Council approves ‘06 city budget
Plan includes transfer of Lansing Historical Museum to city
Lansing residents can look forward to increased hours at the Lansing Historical Museum, added police protection and a lower city mill levy after the City Council approved the 2006 city budget.
The $8.25 million spending blueprint was approved Thursday on a 5-2 vote with Council members Billy Blackwell and Harland Russell opposed. Council member Dee Hininger was absent.
"The money has been laid out frugally, we've been pinching pennies and we're moving forward," Council member Don Studnicka said in voicing his approval for the budget, which was proposed by City Administrator Mike Smith and his department heads.
The property tax levy required to fund the budget for next year is 35.063 mills, down from the current 36.010 mills. A mill is $1 in taxes for every $1,000 of assessed property valuation.
The owner of a home valued at $100,000 will pay property taxes of $403.23 to fund the 2006 city budget, compared to the $414.12 required on a $100,000 residential property a year ago.
The value of assessed property in the city rose $7 million to $59.3 million, an 11 percent jump over the valuation used in calculating the 2005 city budget.

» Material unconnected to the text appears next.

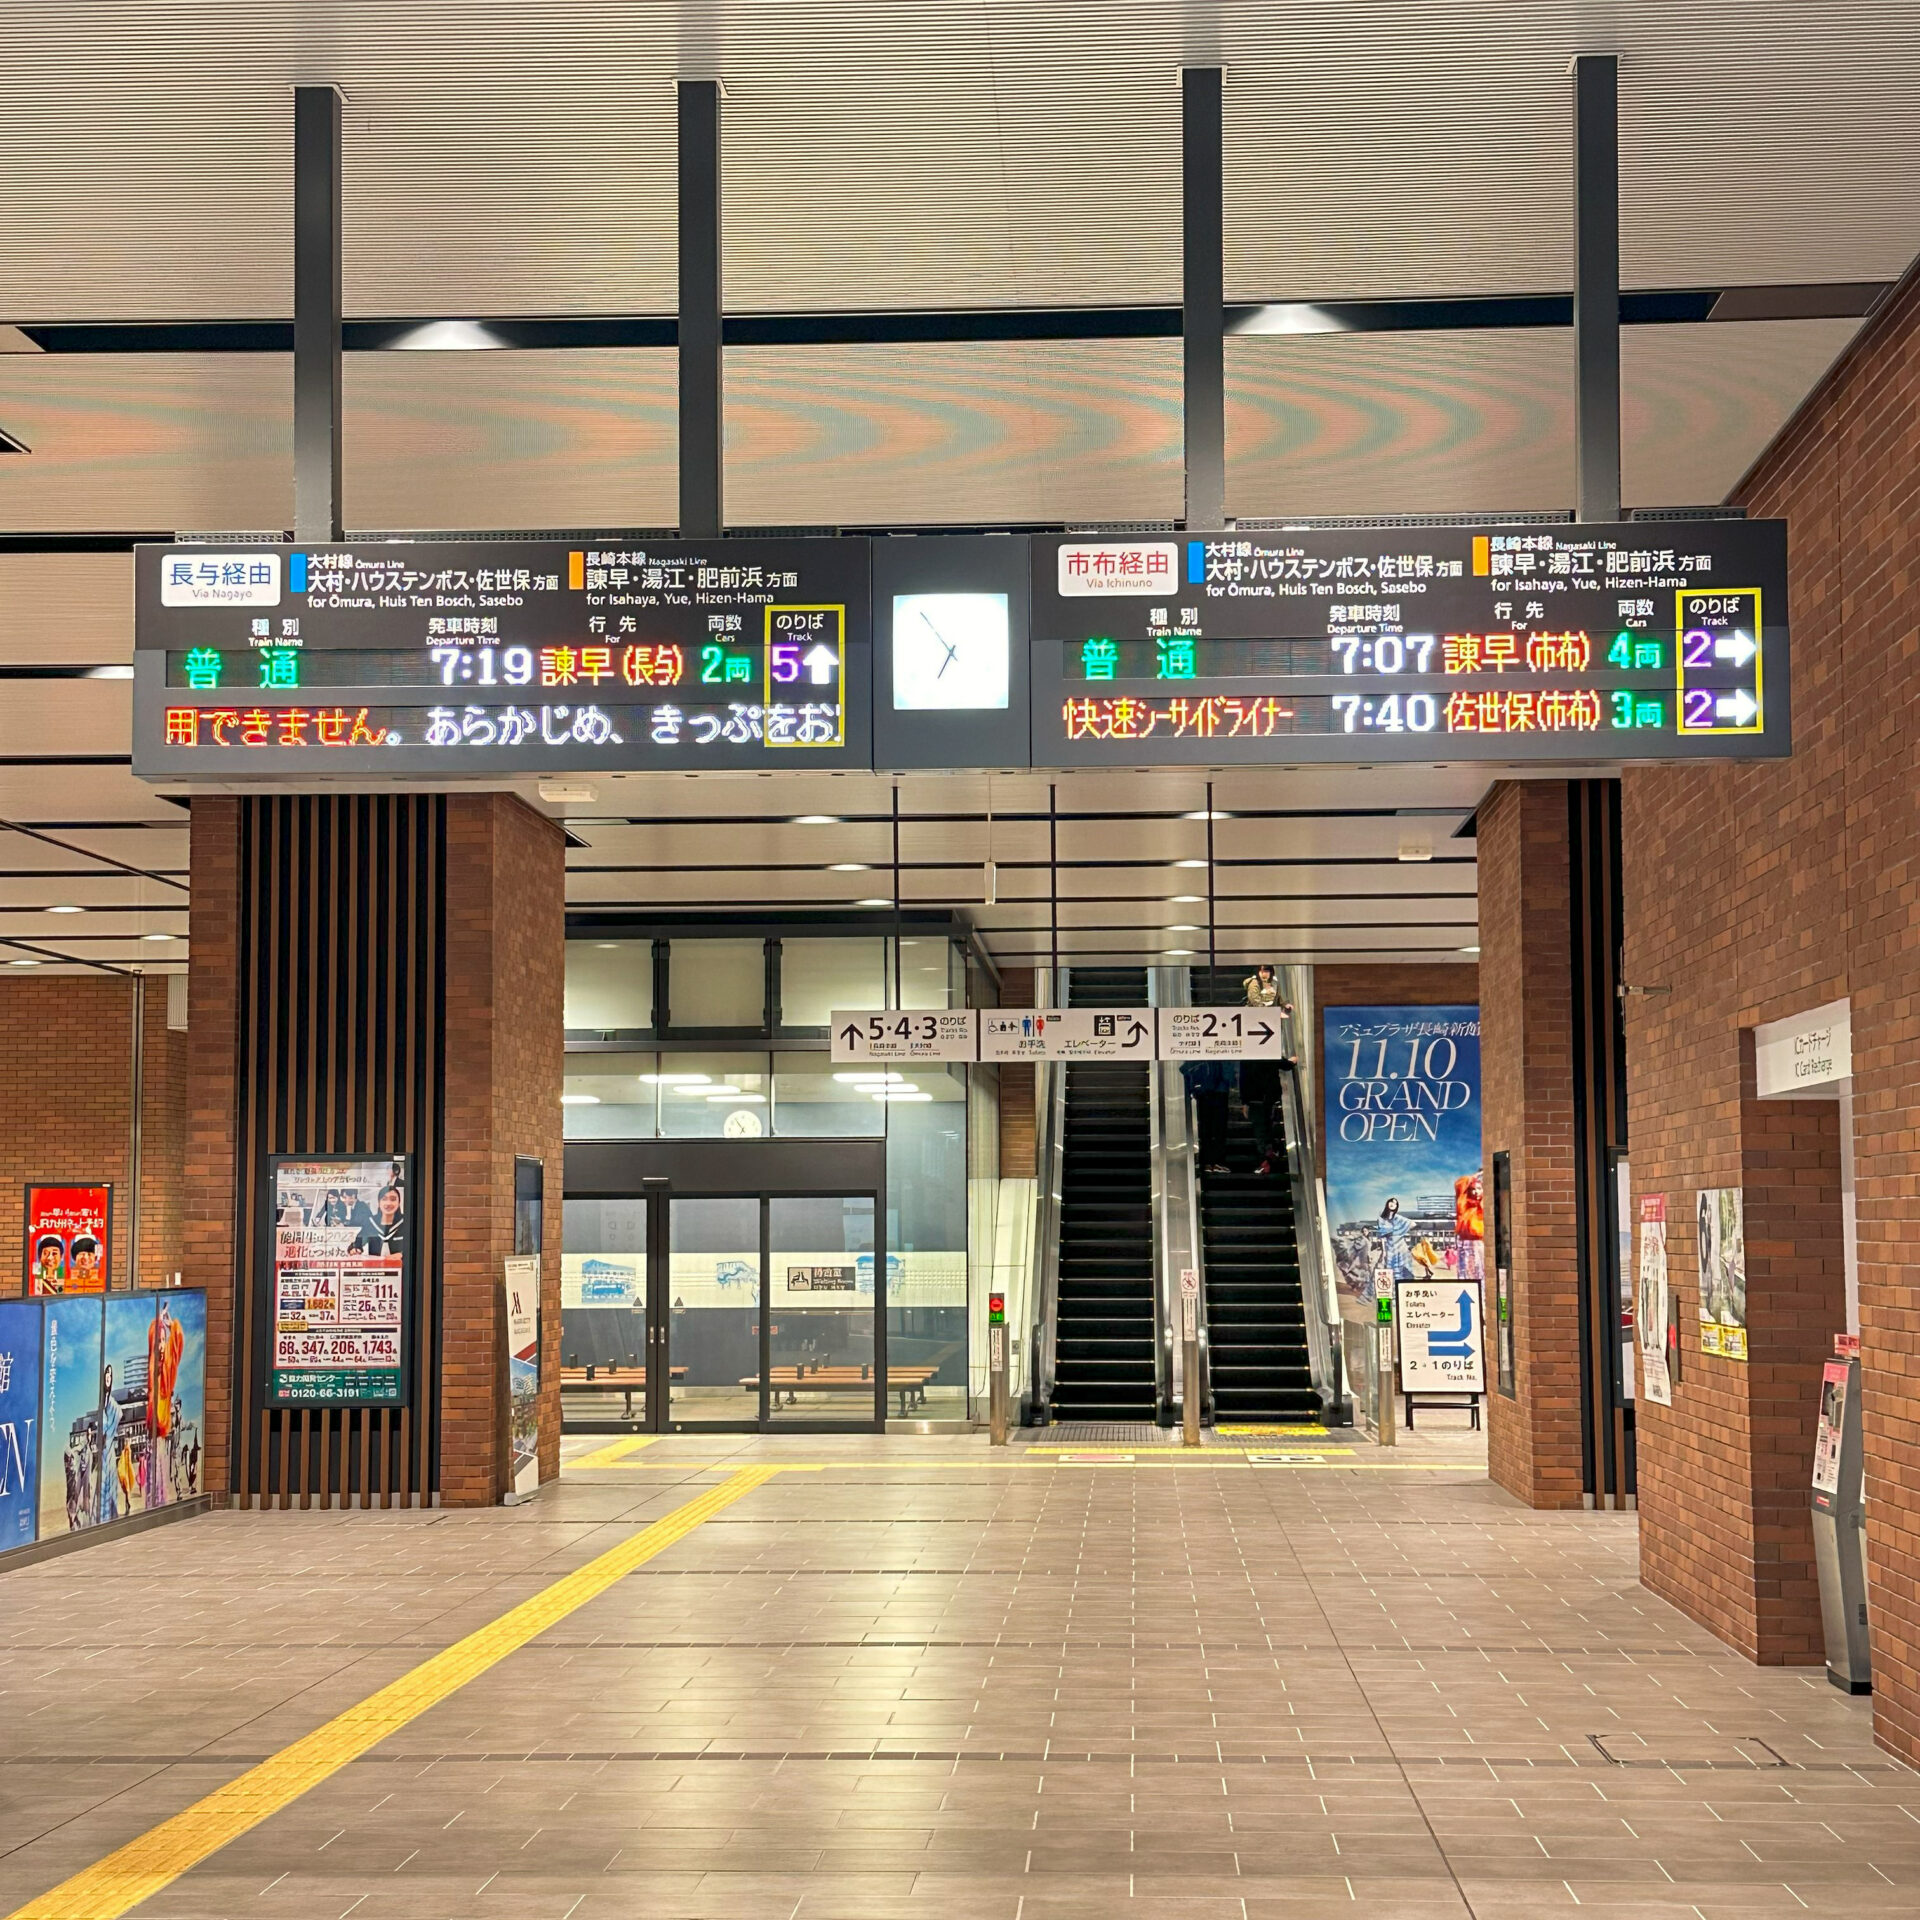 長崎駅在来線コンコース
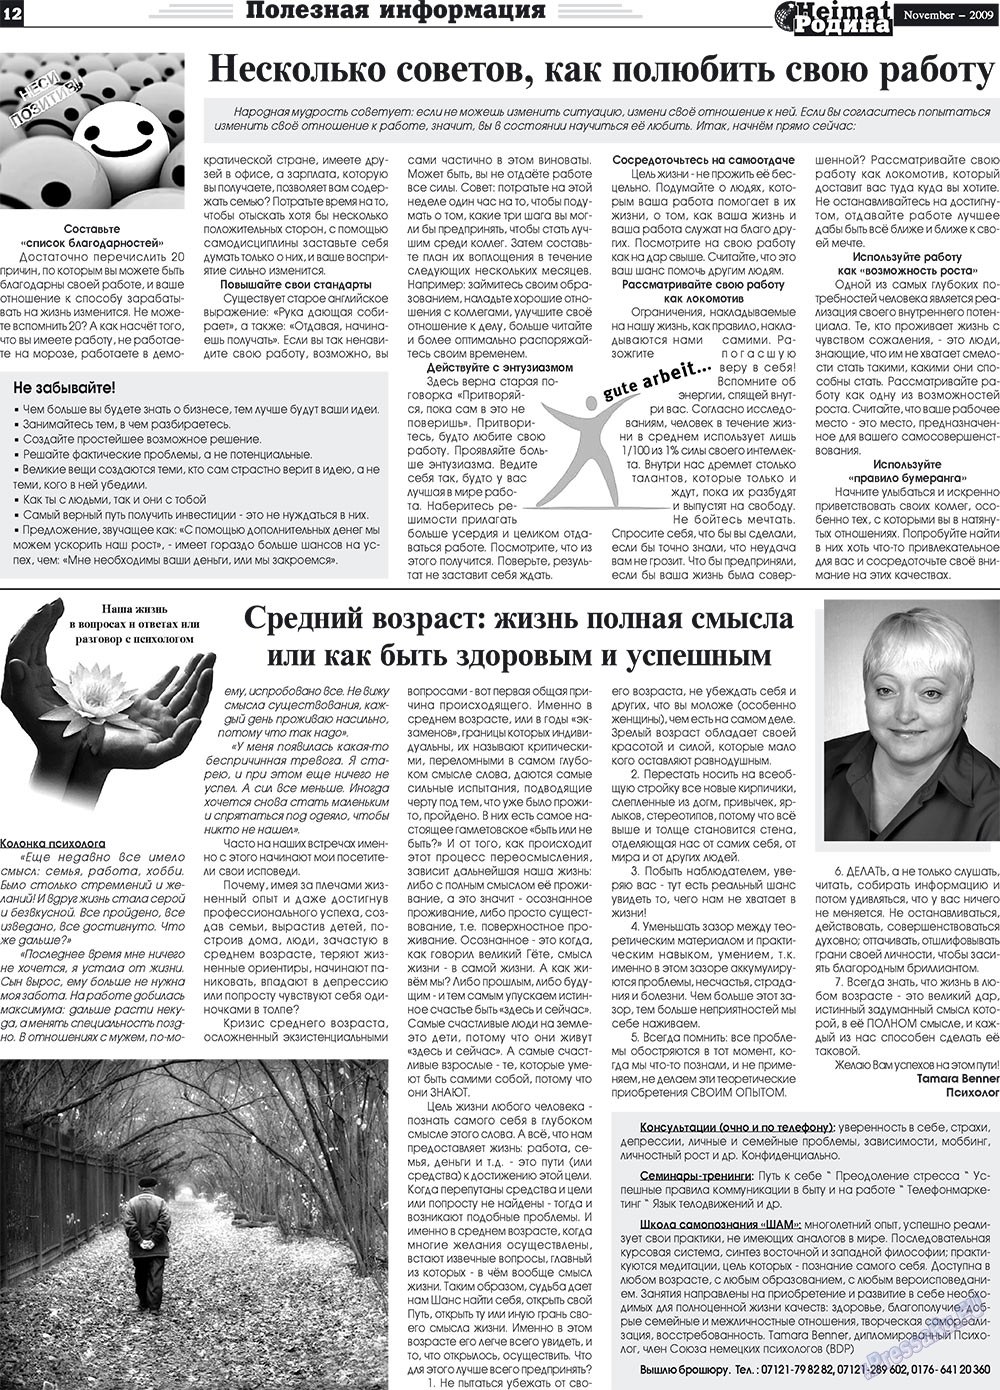 Heimat-Родина (газета). 2009 год, номер 11, стр. 12

Some of the increased valuation came from the annexation of 1,200 acres into the city late last year. In addition, the value on residential property in Leavenworth County increased in 2005 by an average of 10.1 percent compared with 2004.
Russell cited issues related to the annexation as part of his reason for opposing the budget.
"I'm very concerned : about the recent annexation and our ability to provide adequate levels of services for streets and roadways," he said.
He noted that prior to the annexation, the city spent about $7,300 per year, per lane mile for street maintenance. The annexed area adds another 25 miles of streets to the city, and the per-mile budget for street work is dropping by nearly 30 percent, to about $5,200.
"I have a big issue with that," Russell said. "We must be able to stay ahead of the curve on our infrastructure, and this budget does not prepare for that."
Both he and Blackwell raised objections about budget outlays to purchase vans for the Economic Development department and Community Library, and the city's takeover at this time of the historical museum, which includes the hiring of a full-time museum supervisor.
"We're a business," Blackwell said. "The city is a business, and if we don't look as a business at what we're gong to get toward our return on investment, we're going down the wrong path - and that's any venture we go into."
Council member Andi Pawlowski reminded her colleagues and audience members the city wasn't a business.
"The city is for the benefit of its residents. You have to remember that a lot of the things we do, we don't get a return on. There are benefits that people pay for that they expect their city to provide," Pawlowski said.
Council member Robert Ulin said he studied the budget careful and had concerns about it. "But at the end of the day, I'm squarely for the budget."
Mayor Kenneth Bernard answered critics who said the budget contained too many "wants" vs. the city's "needs."
"I will tell you that the first submission of the budget by all in the city is what they want. After the first meeting, it's down to what they need. After the second meeting, it's who needs it worse," Bernard said.
One significant element of the budget was a salary adjustment for city employees based on a reworking of job descriptions. Smith said the cost-of-living salary adjustment would be 3 percent in 2006, but some employees would be eligible for pay raises of 5 percent to 7 percent based because of the new job descriptions.
"All the stuff in the budget for the city employees, I hope that we can continue with that," Council member Dave Trinkle Jr. said, noting the salary increases should help Lansing avoid employee turnover that is plaguing other similar-sized municipalities.
The employee package also received the blessings of Blackwell and Russell.
"I applaud that effort, and I think that's necessary. : I think it's important for us to take care of our employees because you are our assets; you are what makes the city run. Anything that we can do to keep you here, to keep the turnover down, I'm all for," Blackwell said.
The total city budget for 2006 is $8,249,623, up from $7,768,023 this year.
The projected levy is 35.063 mills, down from 36.010 a year ago.
The budget includes a new parks and recreation employee, one additional police officer, a full-time library assistant, a site supervisor for the Lansing Historical Museum, and an additional wastewater operator.
Eight vehicles will be added to the city fleet: Five new police cars; vans for the library and Economic Development department; and a pickup truck for the Community Development department.
The city will take over the Lansing Historical Museum as officials work toward a goal of opening a Regional Prisons Museum.